In 2008, 2,739 15- to 20-year-old drivers were killed and an additional 228,000 were injured in motor vehicle crashes according to NHTSA. Fatal injuries from car wrecks are the leading cause of death for teens between the ages of 13 and 19. The risk of crashing is especially high for teens during the first few years of licensure. Inexperience and immaturity make for risky driving behavior and increase the likelihood of a crash. In the last 10 years, all states have changed their teen licensing procedures. Many states have worked to reduce teen motor vehicle fatalities and injuries through graduated driver’s licensing (GDL). This system limits the exposure to high-risk situations by gradually phasing in driving privileges for teens. GDL allows teens to gain valuable driving experience in low-risk driving situations. 
 

 





















 

  • Motor vehicle crashes are the leading cause of death for 15- to 19-year-olds.
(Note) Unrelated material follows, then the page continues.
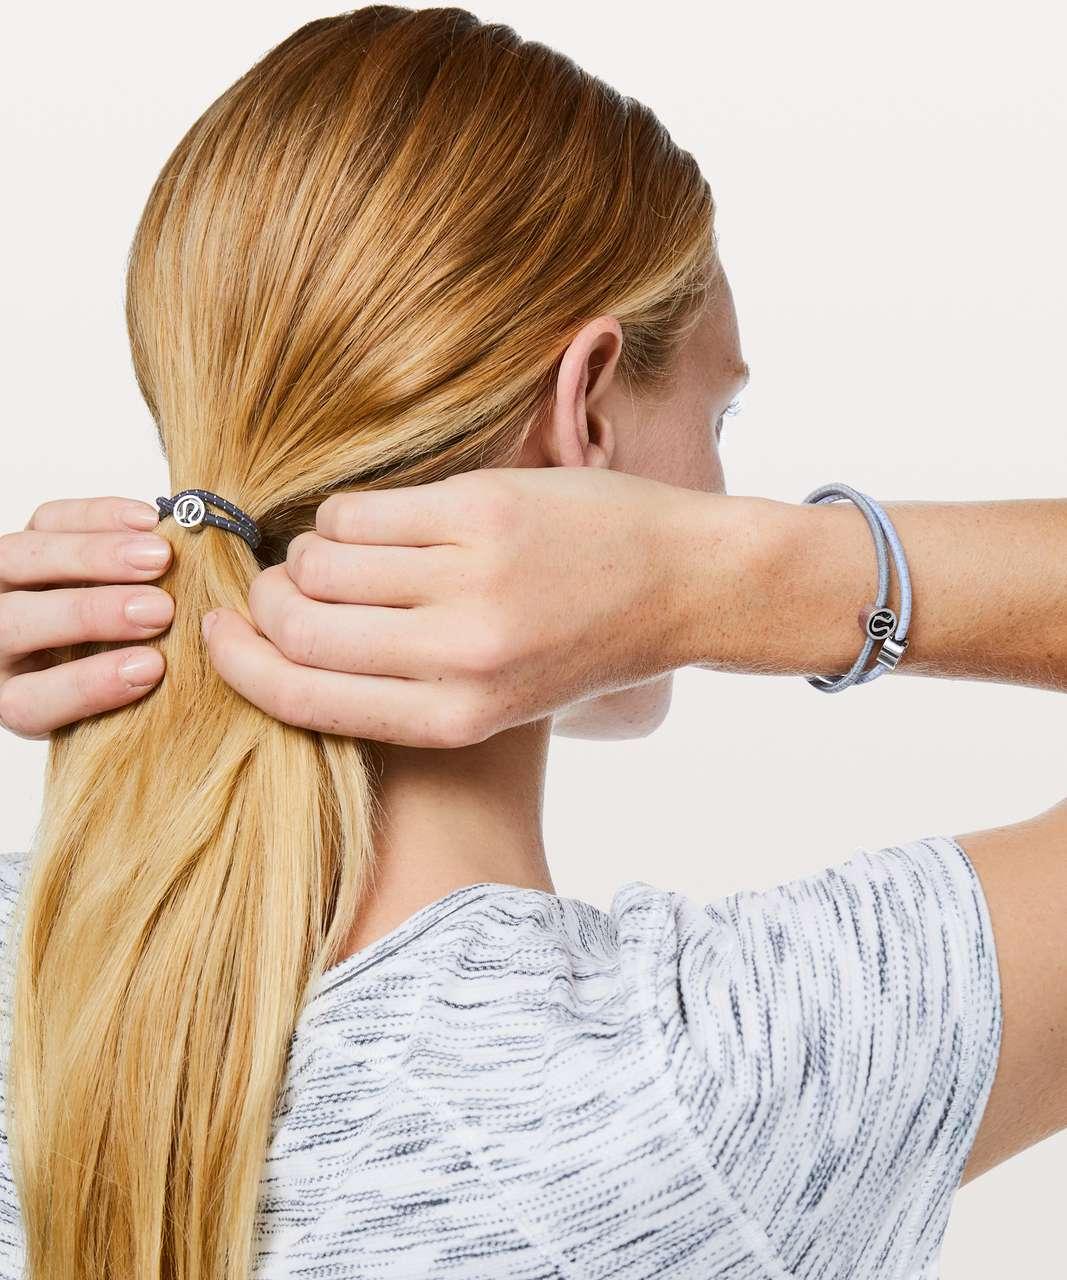 Lululemon Glow On Hair Ties - Lavender Dusk / Cadet Blue / Lilac Stone

Graduated driver's license (GDL) laws provide teens the opportunity to gain experience under low-risk conditions while limiting driving under more risky conditions such as driving at night.
  • Crash rates for teens are consistently lower in states with nighttime driving restrictions.
  • According to the National Highway Traffic Safety Administration, more than one-third of all 16- and 17-year-old driver-related fatal crashes occurred between 9:00 p.m. and 5:59 a.m.
  • The majority of nighttime fatal crashes involving young drivers occur before midnight, yet more than half the 47 states with nighttime restrictions do not restrict driving until midnight or later. Three states have no nighttime driving restrictions.
  • The Insurance Institute for Highway Safety defines an optimal graduated driver's licensing system as one that includes a night driving restriction that begins at 9 p.m. or 10 p.m.
  • In a national survey, 74 percent of parents said they were in favor of nighttime driving restrictions.